Bailey Kacsmar is a PhD candidate in the School of Computer Science at the University of Waterloo and an incoming faculty member at the University of Alberta. Her research interests are in the development of user-conscious privacy-enhancing technologies, through the parallel study of technical approaches for private computation alongside the corresponding user perceptions, concerns, and comprehension of these technologies. Her work aims at identifying the potential and the limitations for privacy in machine learning applications.
Your research interests are in the development of user-conscious privacy-enhancing technologies, why is privacy in AI so important?
Privacy in AI is so important, in large part because AI in our world does not exist without data. Data, while a useful abstraction, is ultimately something that describes people and their behaviours. We are rarely working with data about tree populations and water levels; so, anytime we are working with something that can affect real people we need to be cognizant of that and understand how our system can do good, or harm. This is particularly true for AI where many systems benefit from massive quantities of data or hope to use highly sensitive data (such as health data) to try to develop new understandings of our world.
What are some ways that you’ve seen that machine learning has betrayed the privacy of users?
Betrayed is a strong word. However, anytime a system uses information about people without their consent, without informing them, and without considering potential harms it runs the risk of betraying individual’s or societal privacy norms. Essentially, this results in betrayal by a thousand tiny cuts. Such practices can be training a model on users email inboxes, training on users text messages, or on health data; all without informing the subjects of the data.
Could you define what differential privacy is, and what your views on it are?
Privacy is not limited to one definition or concept, and it is important to be aware of notions beyond that. For instance, contextual integrity which is a conceptual notion of privacy that accounts for things like how different applications or different organizations change the privacy perceptions of an individual with respect to a situation. There are also legal notions of privacy such as those encompassed by Canada’s PIPEDA, Europe’s GDPR, and California’s consumer protection act (CCPA). All of this is to say that we cannot treat technical systems as though they exist in a vacuum free from other privacy factors, even if differential privacy is being employed.
Another privacy enhancing type of machine learning is federated learning, how would you define what this is, and what are your views on it?
Federated learning is a way of performing machine learning when the model is to be trained on a collection of datasets that are distributed across several owners or locations. It is not intrinsically a privacy enhancing type of machine learning. A privacy enhancing type of machine learning needs to formally define what is being protected, who is being protected from, and the conditions that must be met for these protections to hold. For example, when we think of a simple differentially private computation, it guarantees that someone viewing the output will not be able to determine whether a certain data point was contributed or not.
Further, differential privacy does not make this guarantee if, for instance, there is correlation among the data points. Federated learning does not have this feature; it simply trains a model on a collection of data without requiring the holders of that data to directly provide their datasets to each other or a third party.
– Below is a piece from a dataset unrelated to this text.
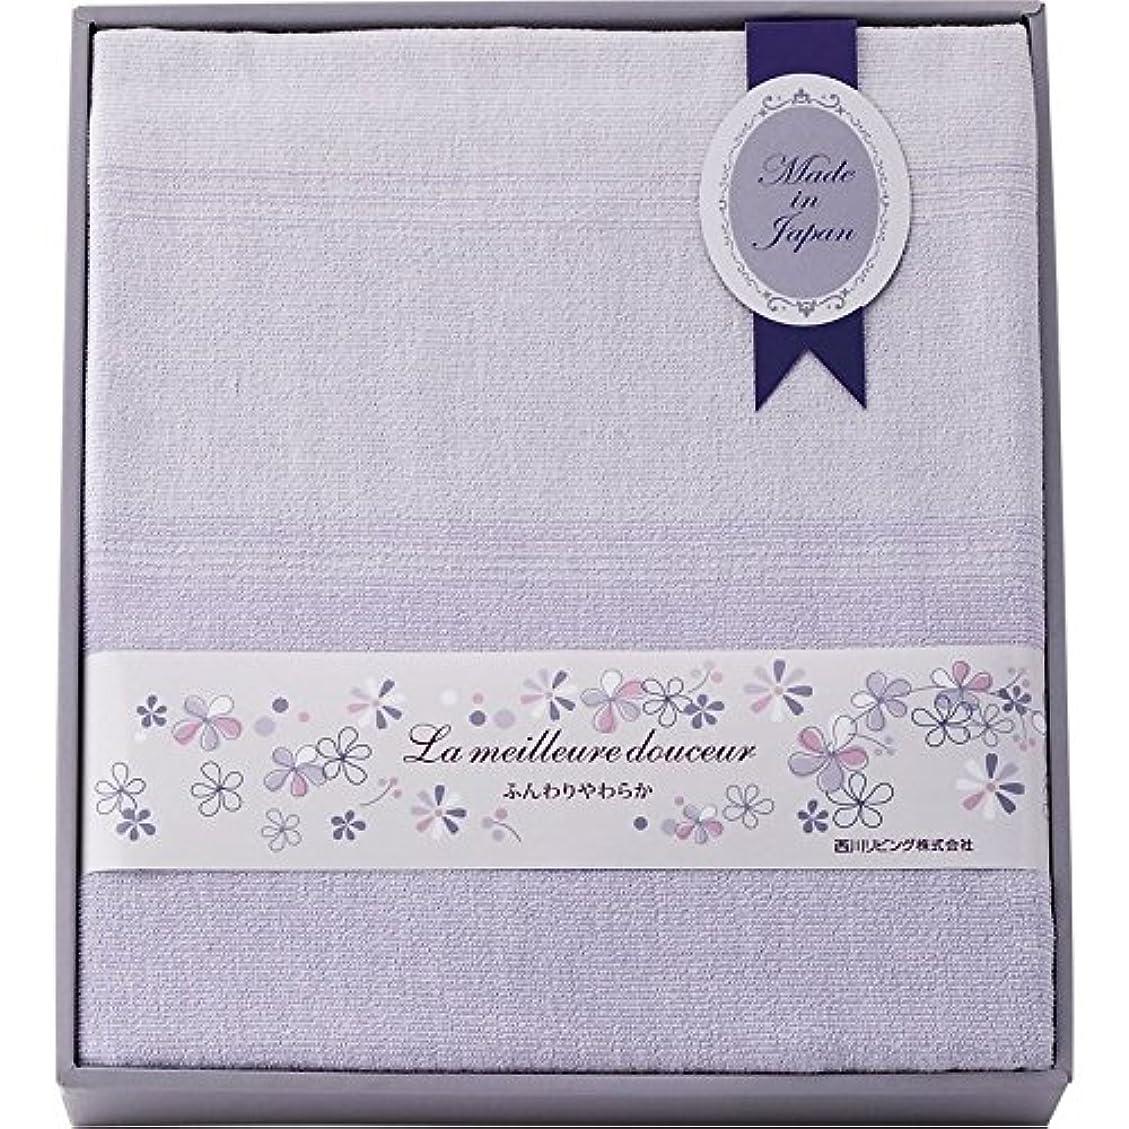 シャンプー巻き取り影のある西川リビング 日本製タオルシーツ 2241-00008

While that sounds like a privacy feature, what is needed is a formal guarantee that one cannot learn the protected information given the intermediaries and outputs that the untrusted parties will observe. This formality is especially important in the federated setting where the untrusted parties include everyone providing data to train the collective model.
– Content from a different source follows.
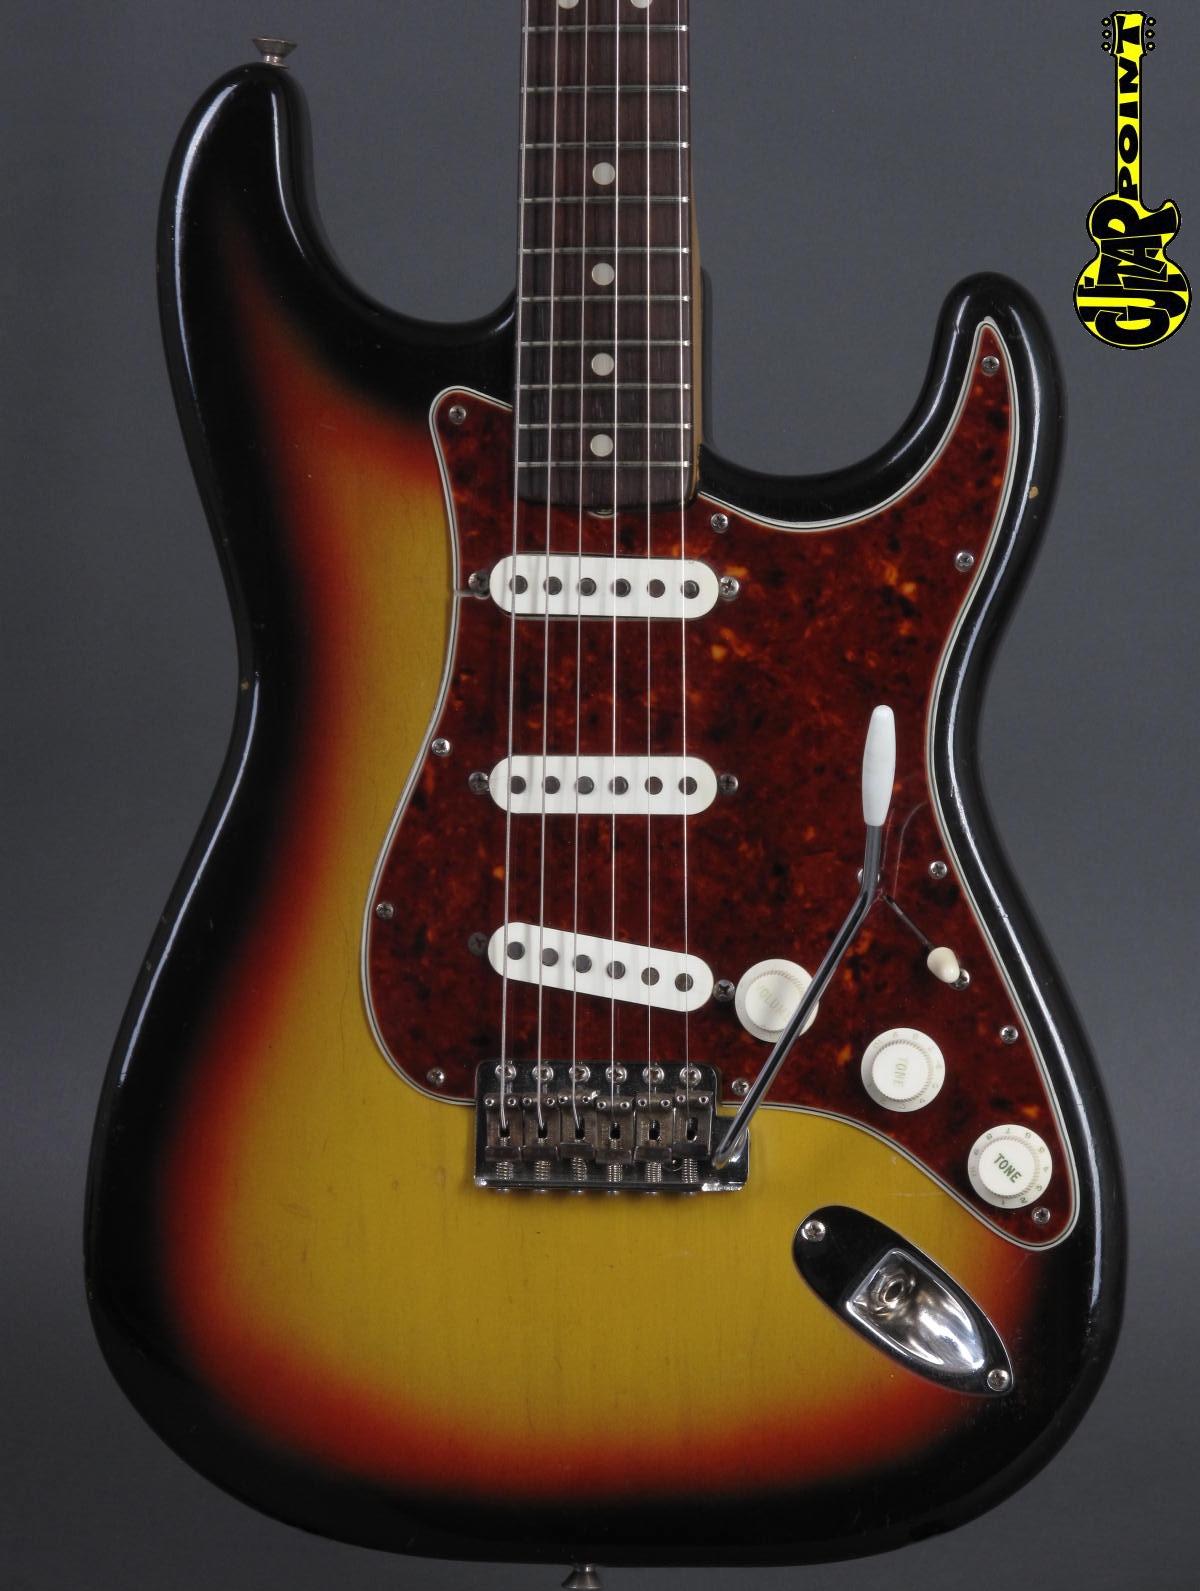 1965 Fender Stratocaster - 3t-Sunburst ...rare Tortoise guard + lightweight !

What are some of the current limitations of these approaches?
Current limitations could best be described as the nature of the privacy-utility trade-off. Even if you do everything else, communicate the privacy implications to those effected, evaluated the system for what you are trying to do, etc, it still comes down to achieving perfect privacy means we don’t make the system, achieving perfect utility will generally not have any privacy protections, so the question is how do we determine what is the “ideal” trade-off. How do we find the right tipping point and build towards it such that we still achieve the desired functionality while providing the needed privacy protections.
You currently aim to develop user conscious privacy technology through the parallel study of technical solutions for private computation. Could you go into some details on what some of these solutions are?
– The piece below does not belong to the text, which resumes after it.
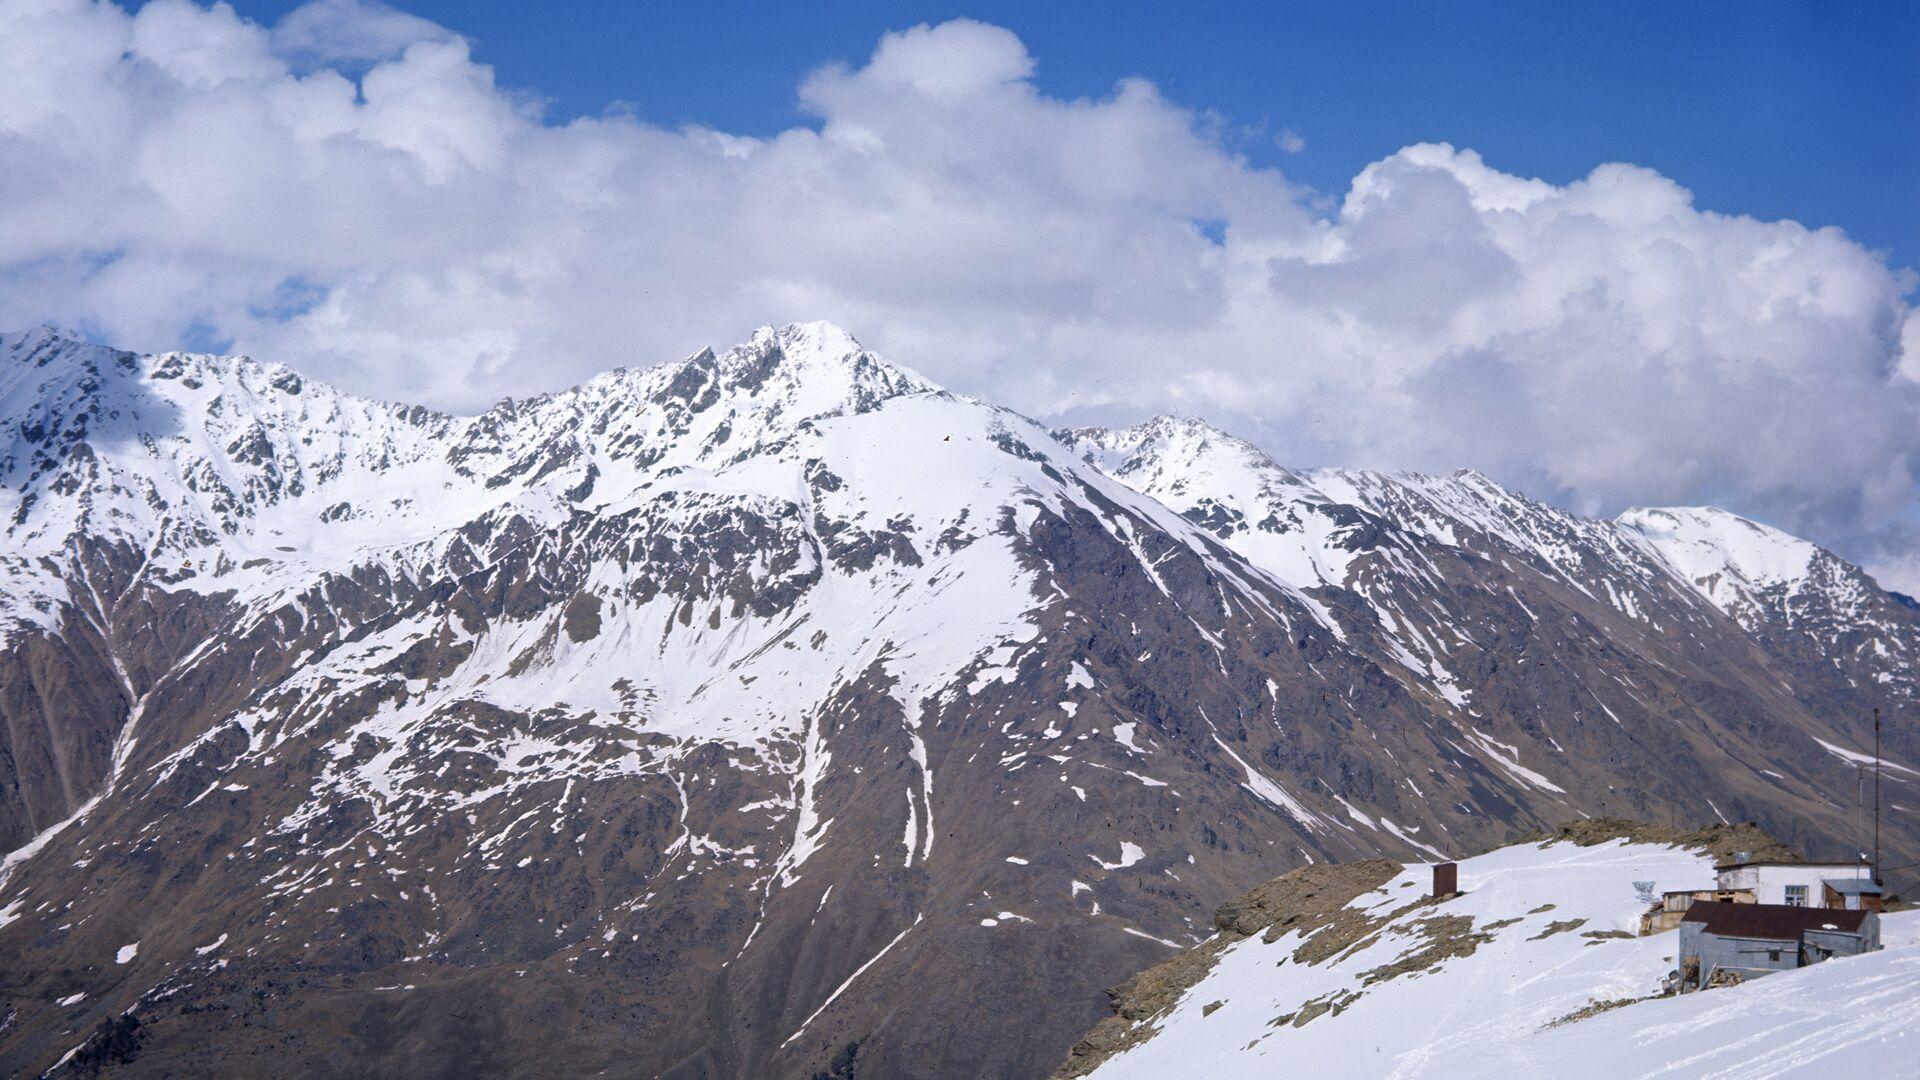 Число погибших на Эльбрусе альпинистов выросло до пяти человек

What I mean by these solutions is that we can, loosely speaking, develop any number of technical privacy systems. However, when doing so it is important to determine whether the privacy guarantees are reaching those effected. This can mean developing a system after finding out what kinds of protections the population values. This can mean updating a system after finding out how people actually use a system given their real-life threat and risk considerations. A technical solution could be a correct system that satisfies the definition I mentioned earlier. A user-conscious solution would design its system based on inputs from users and others effected in the intended application domain.
You’re currently seeking interested graduate students to start in September 2024, why do you think students should be interested in AI privacy?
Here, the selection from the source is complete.